Two research teams tracked down this gene by a mapping and positional-cloning approach. In 22 complete X-linked CSNB families, Bech-Hansen et al. identified 14 different mutations in a novel gene (NYX) that encodes a small leucine-rich proteoglycan called nyctalopin. Meanwhile, Pusch et al. identified NYX deletions in three families with the condition, and went on to identify 14 other mutations in a further 21 families. Both research teams found a spectrum of NYX mutations, including truncations, deletions, point mutations and insertions — Bech-Hansen et al. also found one founder mutation in seven American families with the disease.

Expression studies by the two teams, however, produced different results. Bech-Hansen et al. reported NYX to be expressed robustly in the kidney and retina, whereas Pusch et al. found evidence for a low expression of NYX in several tissues, including the retina, kidney, brain and spinal cord. Pusch et al. suggested that these differences might be due to the use of different PCR templates — this team had used human and fetal tissue, whereas Bech-Hansen et al. had analysed human adult, tissue-specific cDNA libraries. In situ data from Bech-Hansen et al. also showed that NYX transcripts localize to several cell types, including photoreceptor cells, interneurons and ganglion cells, in the different layers of the human retina.

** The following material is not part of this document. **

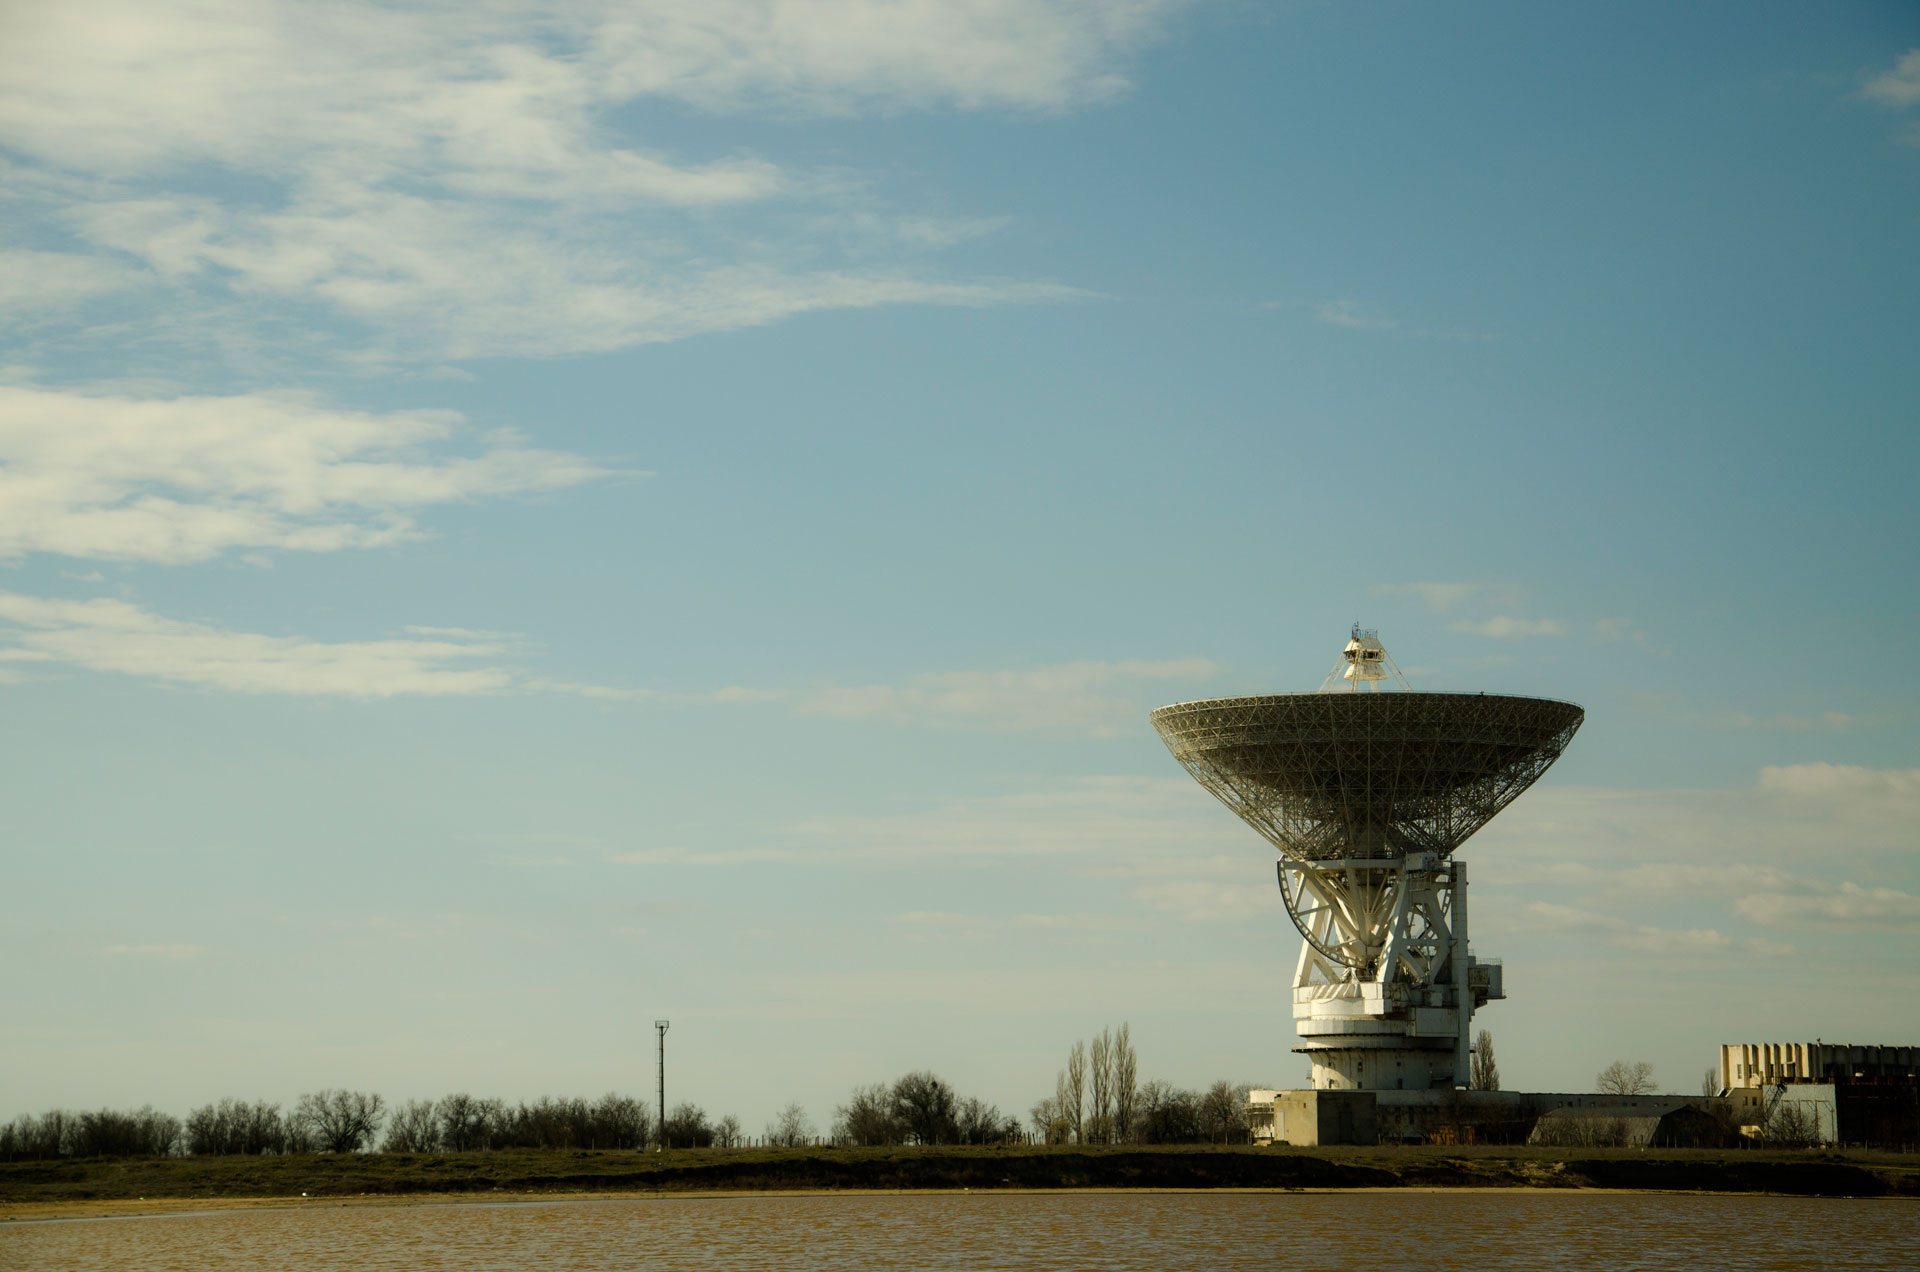 Радиотелескоп РТ-70. Фото Молочного
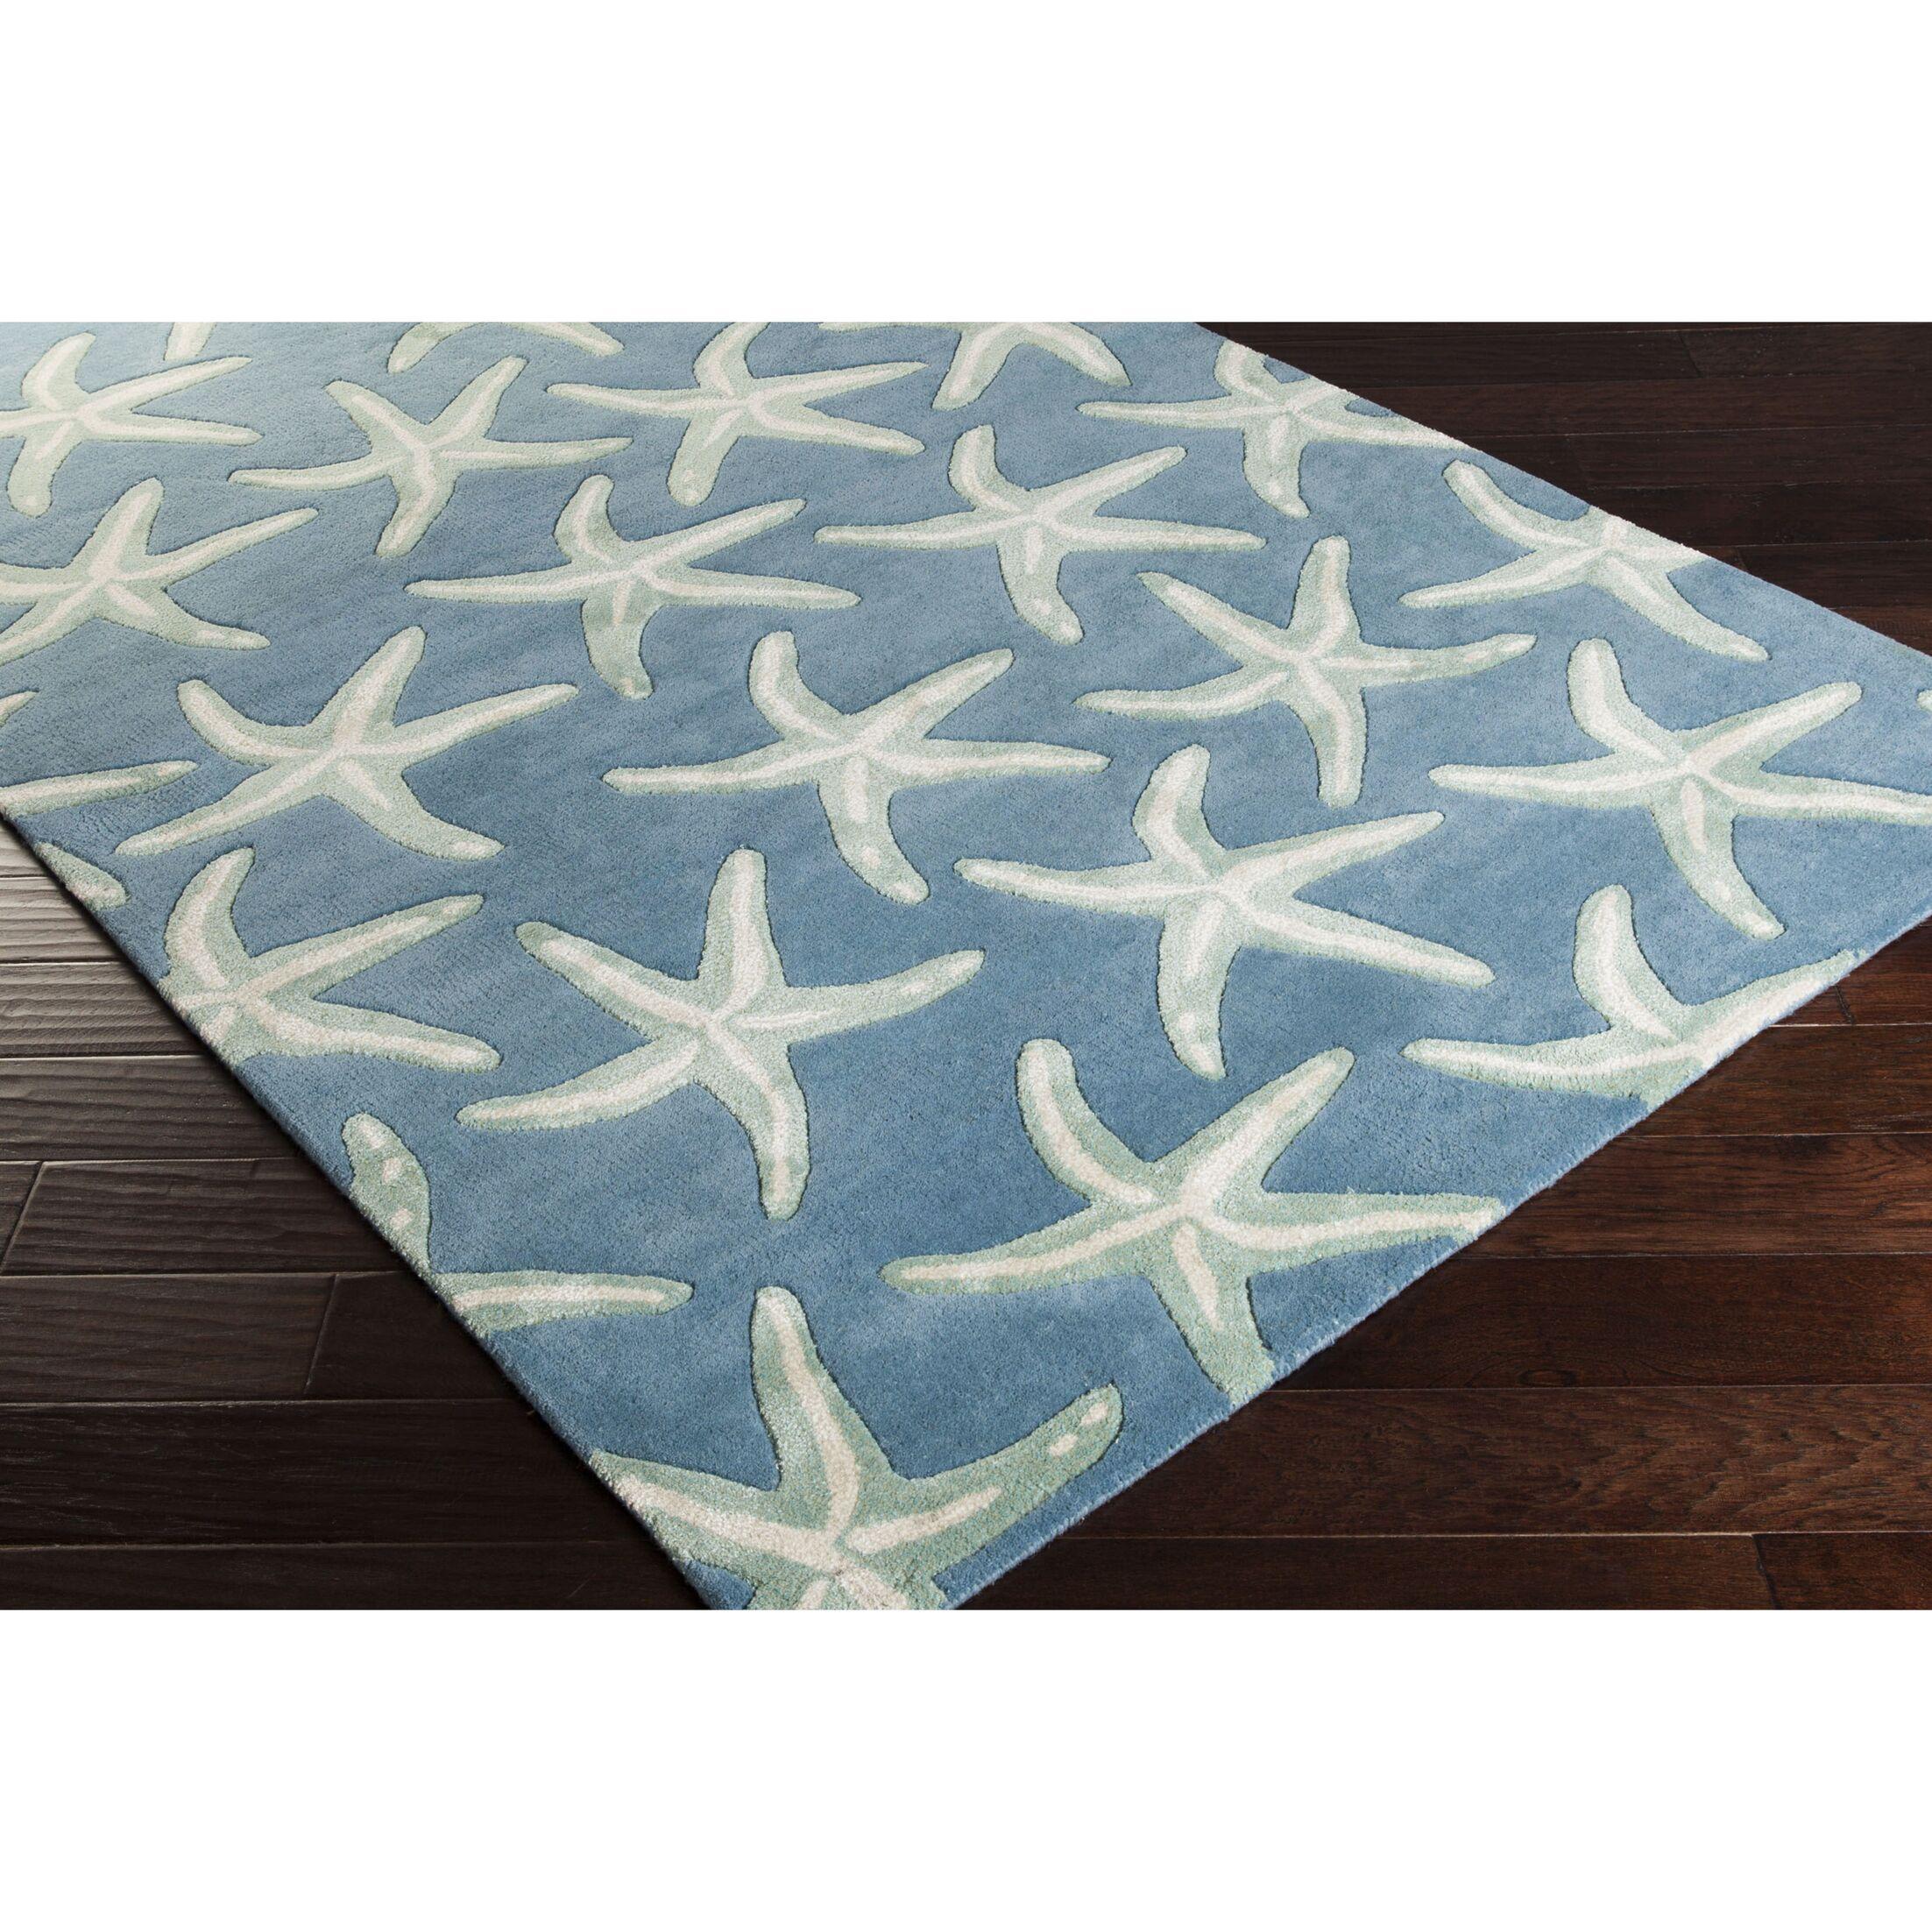 Clare Hand-Tufted Denim/Khaki Area Rug Rug Size: Rectangle 5' x 8'

Nyctalopin is a 481 amino-acid protein with many motifs and domains that give clues to its function. It contains a glycosylphosphatidylinositol (GPI)-anchor sequence, 11 consecutive leucine-rich repeats (LRRs), an amino-terminal signal peptide, a possible carboxy-terminal cleavage site, and a glycosylation site, among other motifs. Both teams propose that nyctalopin is cleaved at the carboxyl terminus and is GPI-anchored at the extracellular cell membrane as a glycosylated proteoglycan. It is likely that the LRRs confer on nyctalopin the ability to interact with other proteins. LRRs can mediate diverse biological functions, including cell adhesion and migration — in Drosophila melanogaster , for example, two LRR proteins, chaoptin and capricious, are cell adhesion molecules that are crucial for fly neuronal development. So, nyctalopin might function as an adhesion molecule that specifies the formation of synapses between rod photoreceptors (which respond to light) and postsynaptic neurons. No doubt, the two teams will now investigate the function of this protein in establishing the complex circuitry of the retina to elucidate how it becomes miswired in patients with complete CSNB.